Available data.
*** Block opens ***

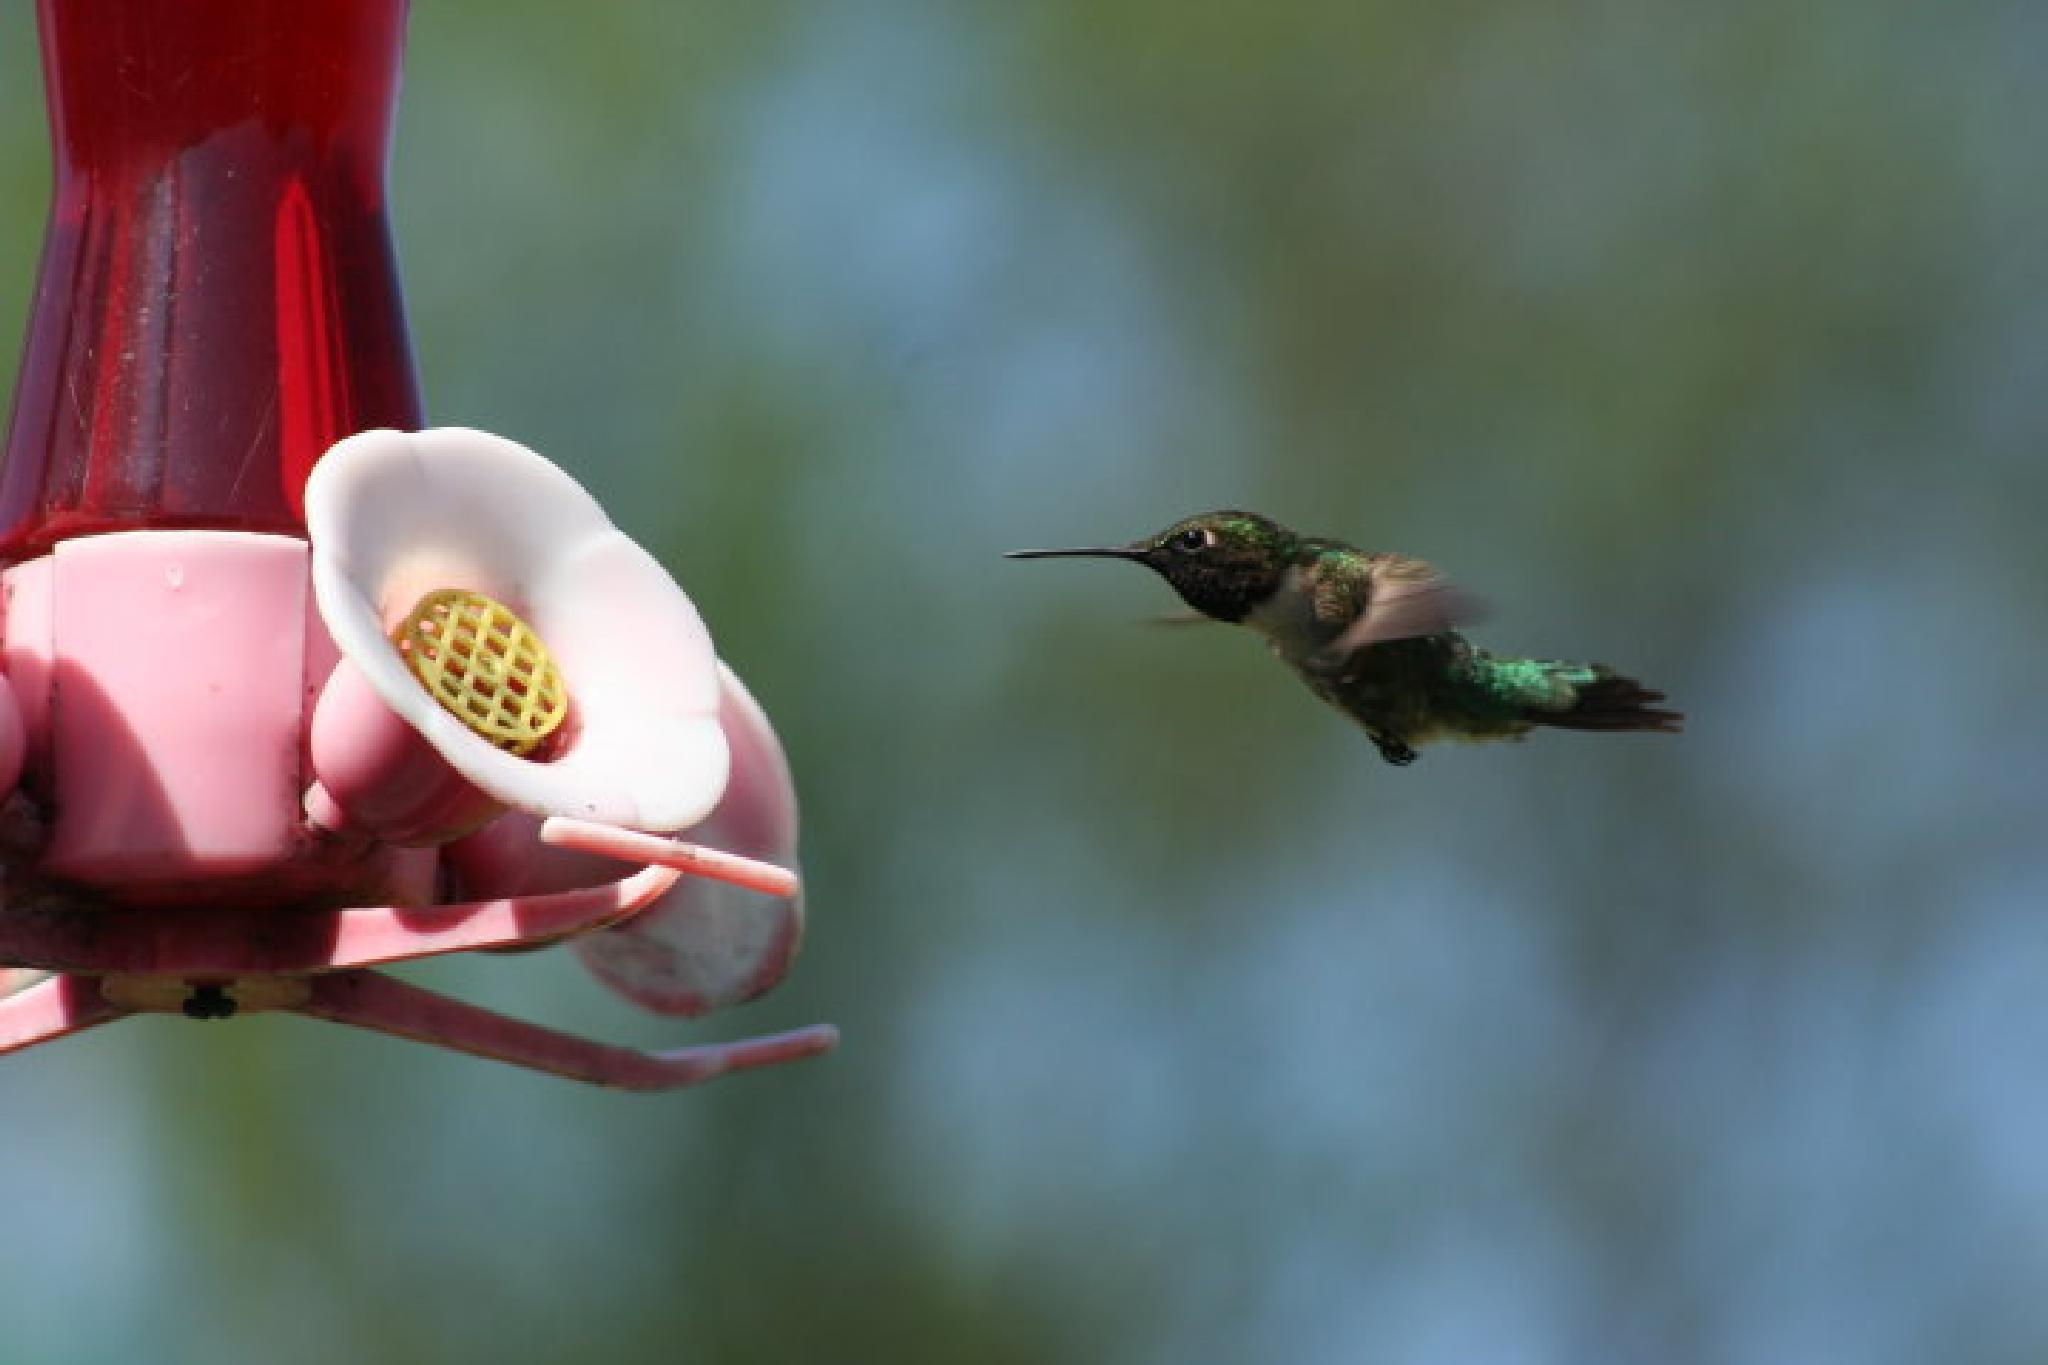 Feeding Hummingbard by alamaude
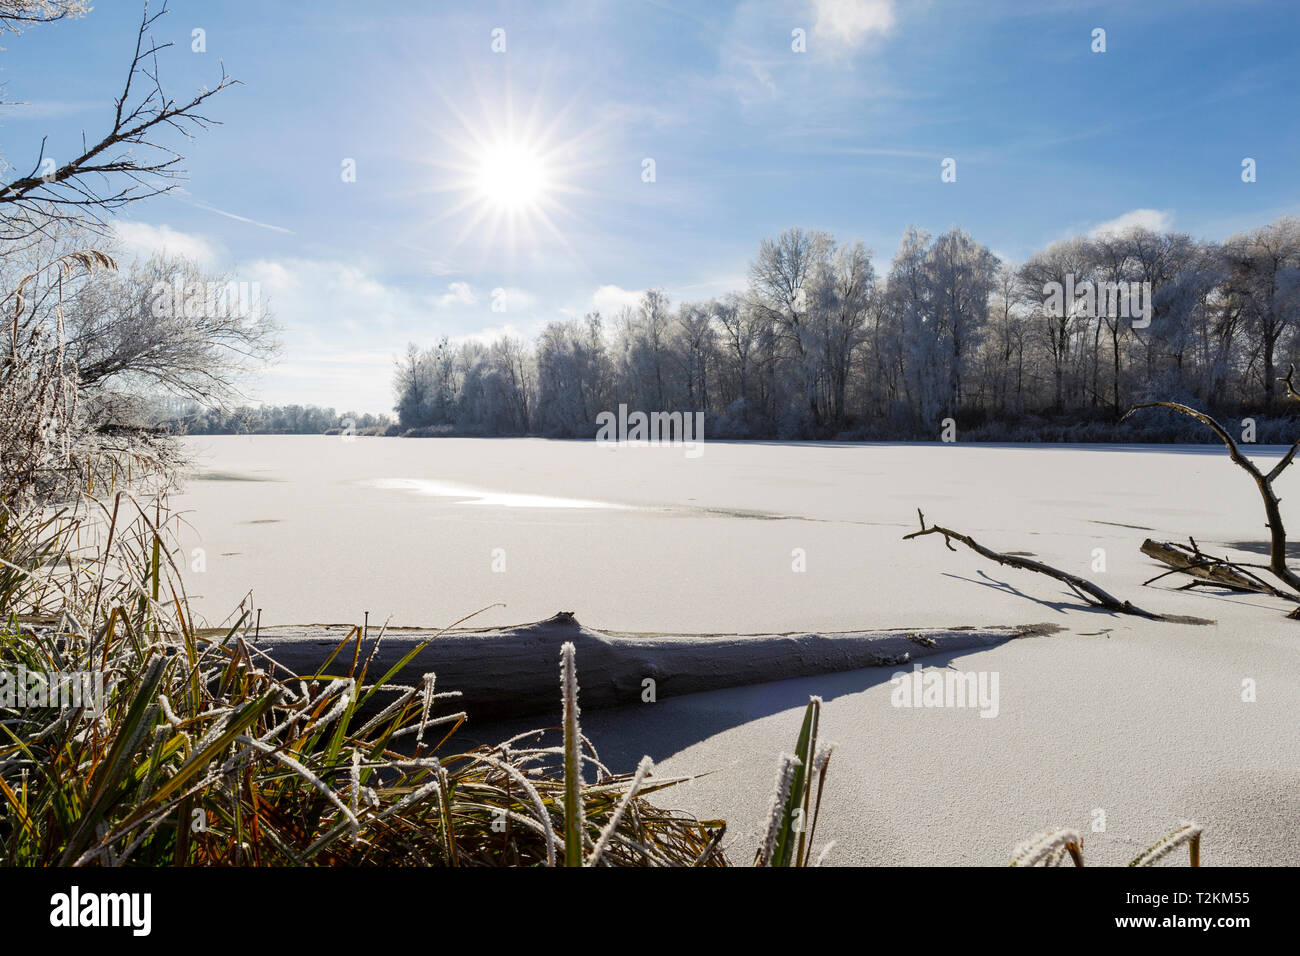 Winter am Altwasser - Stock Image
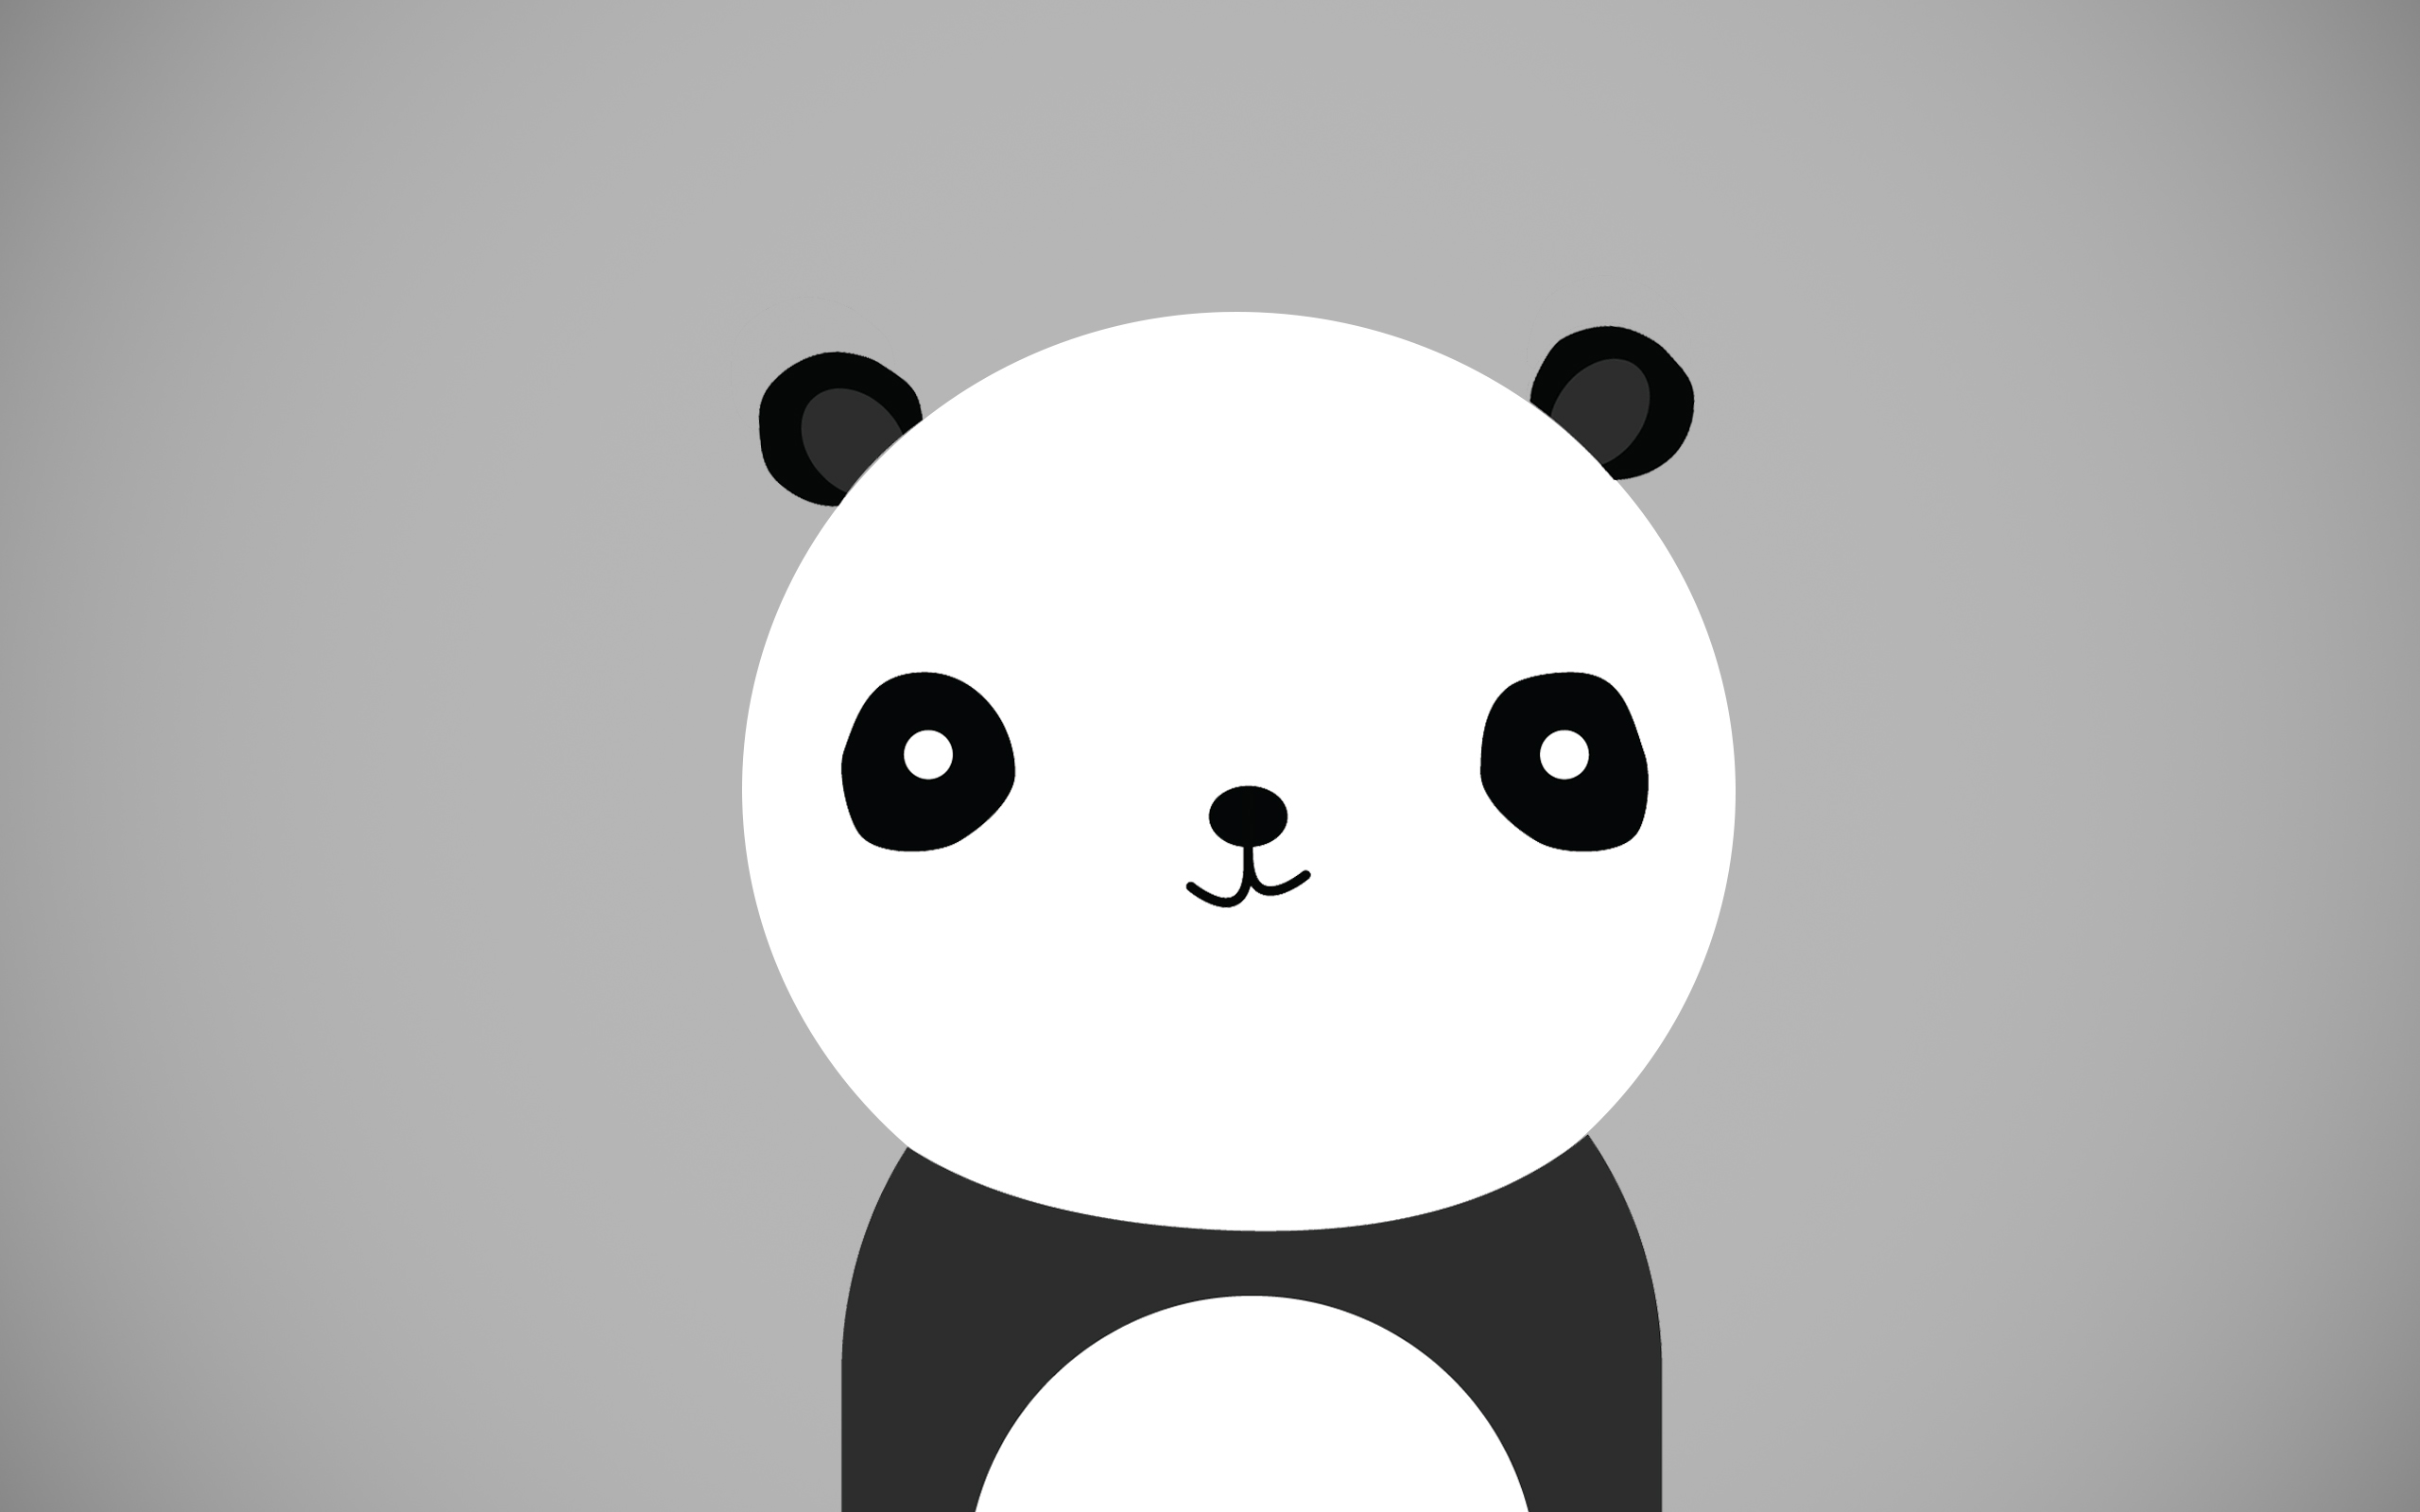 Cute panda tumblr themes - photo#23

*** Block closes ***

Exclude the pictures and print the rest of the data exactly.

Output below.
 Feeding Hummingbard by alamaude
 Winter am Altwasser - Stock Image
 Cute panda tumblr themes - photo#23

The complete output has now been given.